Sagarika Ghose: In this case as Anjali is pointing out, the doctor did help but it was the police which refused to help, which was completely apathetic. The courts to cognisance, pushed the police, said investigate and handed out the judgement to the parents saying that you are guilty of battering the child with the intentions to kill. It is horrific that the parents who have the custody of a child should kick and beat a child till he has cerebral palsy and his life is ruined. Savitri ji, tell us whether anybody within the family offered any help?

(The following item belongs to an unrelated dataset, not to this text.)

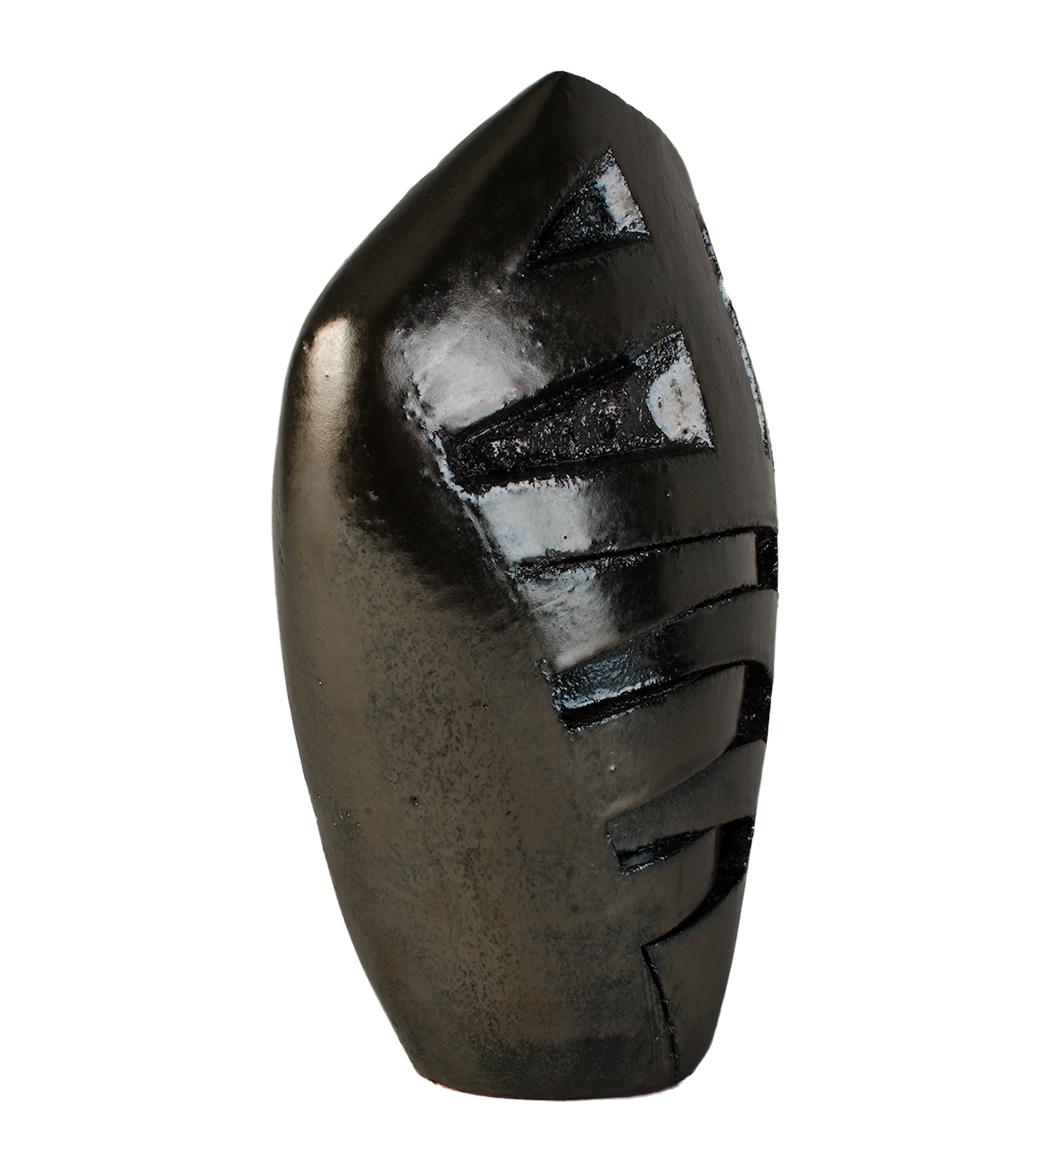 Budge-Puncture-Shield-2.jpg
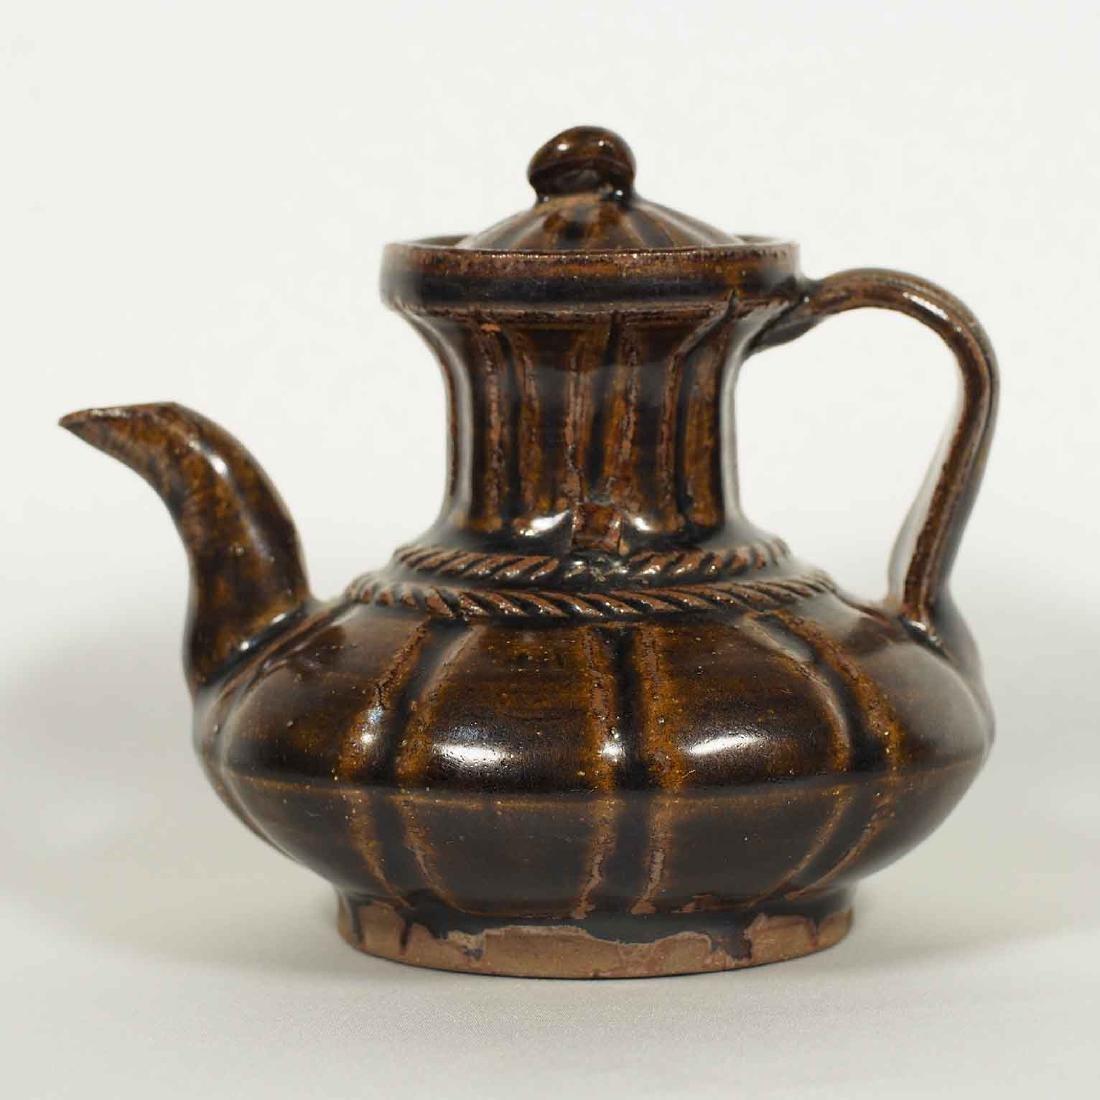 Black glazed Arabic Style Ewer with Lid, Song Dynasty

Savitri Verma: No, help is a distant thing, when we asked them that help us meet the child they said that chapter is closed now. If the lawyer wouldn’t have helped us, if the doctor wouldn’t have helped us, they are like god to us, we got the child with their help.
Sagarika Ghose: Can I ask Dr Sen, why would a child do this? What is the motivation that a father beat his child in this way that he keep taking the child to the hospital.
Amit Sen: The mechanism and the ideology of this has been debated a lot. Many experts say that people who beat up children like this have personality disorder. However, often times in the history the parents themselves were abused, they have deep scars of the abuse, and if these parents would have had to kill the child they would have done it very quickly. The fact that they are bringing this child to the hospital again and again is a very pathological fact that they want to carry on this suffering that the parent themselves might have gone through.
Sagarika Ghose: They want to prolong their own suffering. As you said this is perhaps the dark secret that exists in many Indian families. Anjali, tell us what kind of future are you looking for this child?
Anjali: See, he have survived what an adult wouldn’t have been able to survive. This kind of isolation he have survived no adult can survive. He has undergone several physiotherapy session, he has improved but he will always be dependable. How bright future he could have had with a doctor mother.
Sagarika Ghose: He had a doctor and has an Army father but he was abused so much by that Army father that now he doesn’t have a bright future, a healthy future. He was a perfectly healthy child when his mother died and this is what his father and his stepmother have done to him. Shanta Sinha, we are looking at the law of juvenile justice act, is it good enough, is it a strong enough justice act? Should the harshest punishment be given to these parents to serve as an example?
Shanta Sinha: I think it has to go beyond the juvenile justice act, it has to be the harshest of the punishment within the purview of the juvenile justice act alone. On top of this I think there has to be a serious looking at law on children and family setting. We are in a thinking that parent will not do such things. We have to have strong laws to see that children don’t become what this young boy has become.